Monday, June 27, 2016

NCC Goes Tough On Corporate Governance, Gives New Compliance Order

In 2014, the Nigerian Communications Commission, NCC, established the code of corporate governance for the telecommunications sector, notwithstanding its existence the Commission, has at several times find itself at loggerhead with the operators and stakeholders by adjusting its code of the code of corporate governance.
THE Nigerian Communications Commission, NCC, have set the stage towards preventing further fisticuffs with operators and stakeholders who could undermine its regulatory role by adjusting its principles on corporate governance particularly as it relates to their operation.
  
The NCC has decided to make adherence to the code of corporate governance for the telecommunications sector, which was instituted in 2014 mandatory instead being voluntary, and this time around it comes with sanctions for telecoms operators who flout the code.

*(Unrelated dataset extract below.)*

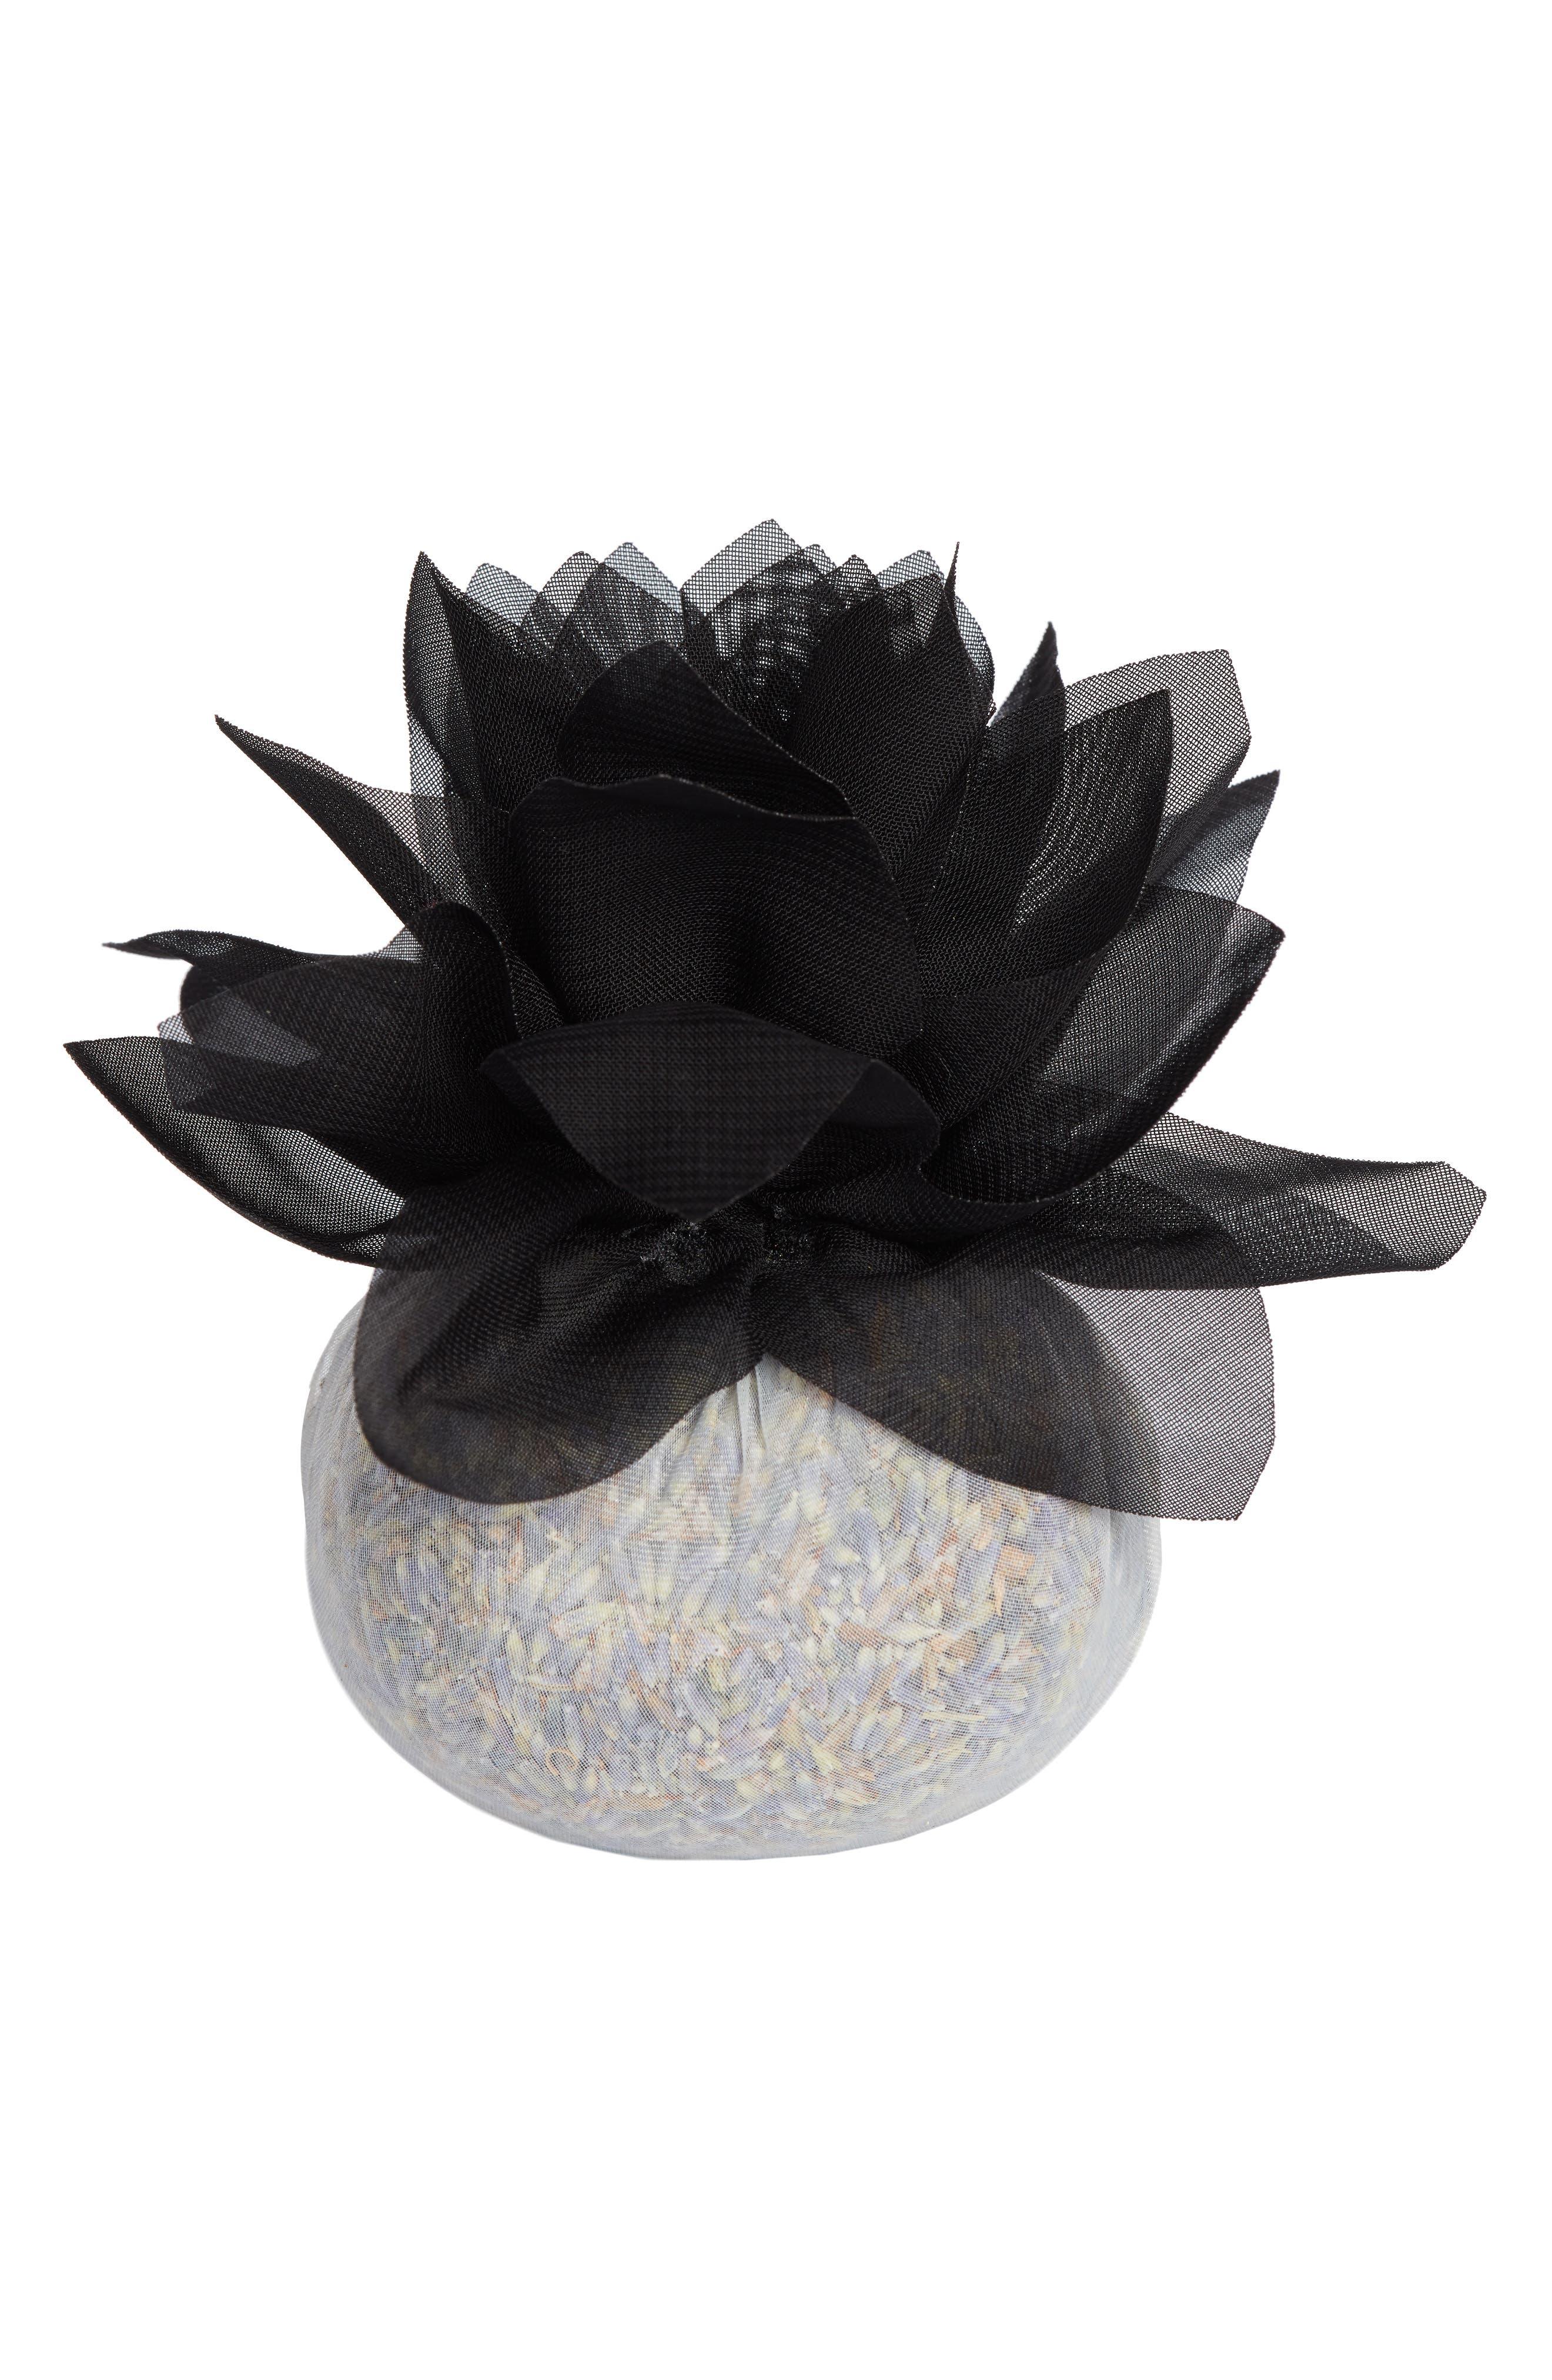 Stonehide Flower Sachet,                             Main thumbnail 1, color,                             BLACK
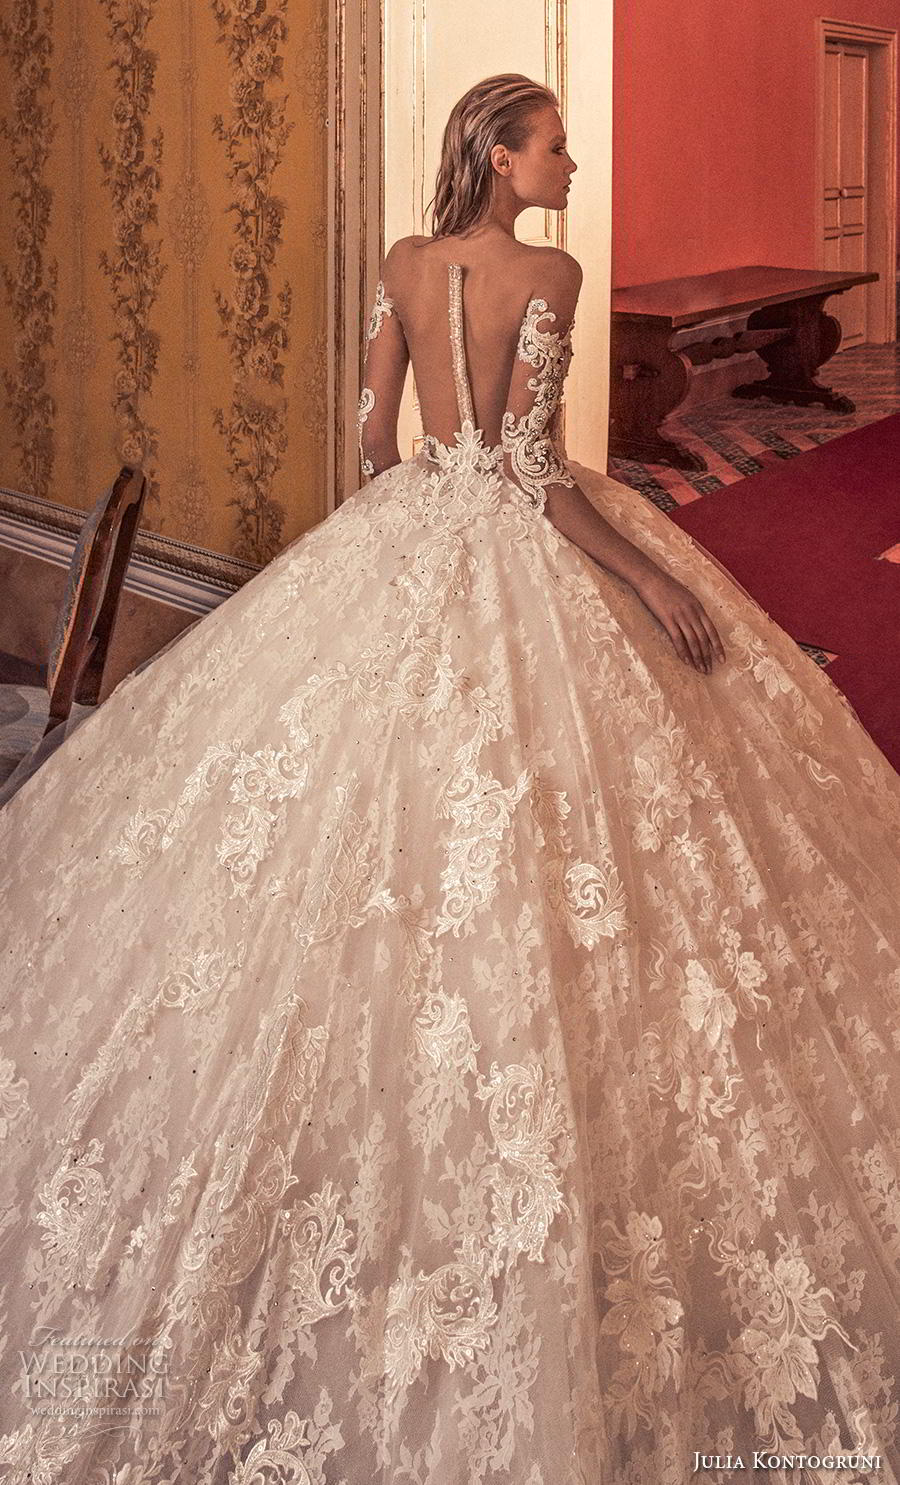 julia kontogruni 2019 bridal long sleeves sweetheart neckline heavily embellished bodice ball gown a  line wedding dress sheer button back royal train (9) zbv

Examining the 12 principles of the code, it is obvious that may be decision by the Commission to consult with operators and stakeholders on Tuesday in Lagos over the need to make compliance mandatory maybe connected with recent developments in the sector, particularly the MTN Nigeria fine saga.

At the forum with the operators and stakeholders, which was attended by the Minister of Communication, Barrister Adebayo Shittu and the Executive Vice Chairman of the Commission, Prof. Umar Danbatta, the major thrust of the engagement was the quest for input from them.

Although the Minister and the helmsman of the NCC did not spill the details of the new code to them, it was made clear to the operators that it was not going to be business as usual but it was disclosed that the intent of the code was not for sanctions rather to ensure decorum in the sector.

According to the Minister, the quest to ensure strict compliance to the 2014 code of corporate governance was to new because there are existing codes in other sectors of the economy.

He said the new urge to make compliance strict was because of the need to improve the GDP from the sector, to make the industry more viable for investors and reduce corporate risk.

The NCC helmsman, Danbbatta in his opening remark disclosed that the urgency of mandatory compliance to the bothers on the need to grow the industry bigger, better and more relevant to successive generation.

According to him, a lasting legacy of a strong and virile industry, fit for successive generation worth bequeathing saying that the 12 principles were developed to protect the interest of investors and stakeholders as well as promote time-valued principles of accountability, responsibility, transparency, integrity and ethical conduct.

He revealed that the compliance with the provisions of the code was initially made voluntary for a period of one year, which has since elapse stressing that the shift from voluntary to mandatory compliance is to ensure that all licensees of the NCC still exist 200 years after.

Secretary of the Commission, Barrister Felix Adeoye disclosed that before deciding to move from voluntary level to mandatory compliance, the NCC did an industry survey to ascertain the level of compliance with the code, and that the findings showed that some companies complied with the requirements for board size and composition, while some board had just three members, contrary to the provisions of the code, which stipulates a seven-member board.

He said that most board were passive during the period under review as against the expectations of the code, which required a active board although there were boards that met one in a year, making it difficult for the board to discharge its primary oversight functions.

“Some other companies breached the chairman/CEO duality safeguard provided by the code of combing the chief executive officer’s position with that of the board chairman”, he said.

He re-echoed the position of the NCC boss that non-compliance will be followed with sanctions stressing that “the emphasis is not on sanctions, but in entrenching an abiding culture of good corporate governance practices that will sustain the industry beyond the present generation.”

Consultant to the Commission on the code, Mr. Ladi Smith of SIAO Consulting, recommended a report of each background and reference check of directors of telecos be made available to all members of the board and shareholders prior to his election into the board noting that it is enable them to make their own assessment of the directors.

He also said that there should be a board evaluation performance, which should be conducted annually by an independent external consultant appointed by the NCC saying that the rules, responsibilities and other expectations from the board should form the criteria for evaluation.

Smith said that the appointment of all directors of telecos should be formalised through a letter of appointment, disclosing the terms, conditions and responsibilities suggesting that the board should set up a nomination committee, with the responsibility to assist it in the process of identifying suitable persons to be appointed in the company.
 
He said further that telecos should have an audit committee that must nominate an external auditor for appointment, approve the terms of engagement and remuneration for the external audit engagement while also monitoring and reporting to the independent external auditor.

Smith said that the evaluation report should disclose the process of appraisal of the broad execution of its roles and the responsibilities, areas of improvement and training needs of the directors.

An expert in corporate governance, Prof. Fabian Ajogwu of the Lagos Business School said that the corporate governance will enhance business prosperity and corporate accountability, and that it has the ultimate objectives of realising long term shareholder value.

He observed that it holds the key that enables corporation to attract financial and human capital noting that good corporate governance will address the problem of power controlling shareholders and minority shareholders while at the same time tackling passive shareholders and deference to dominant shareholders.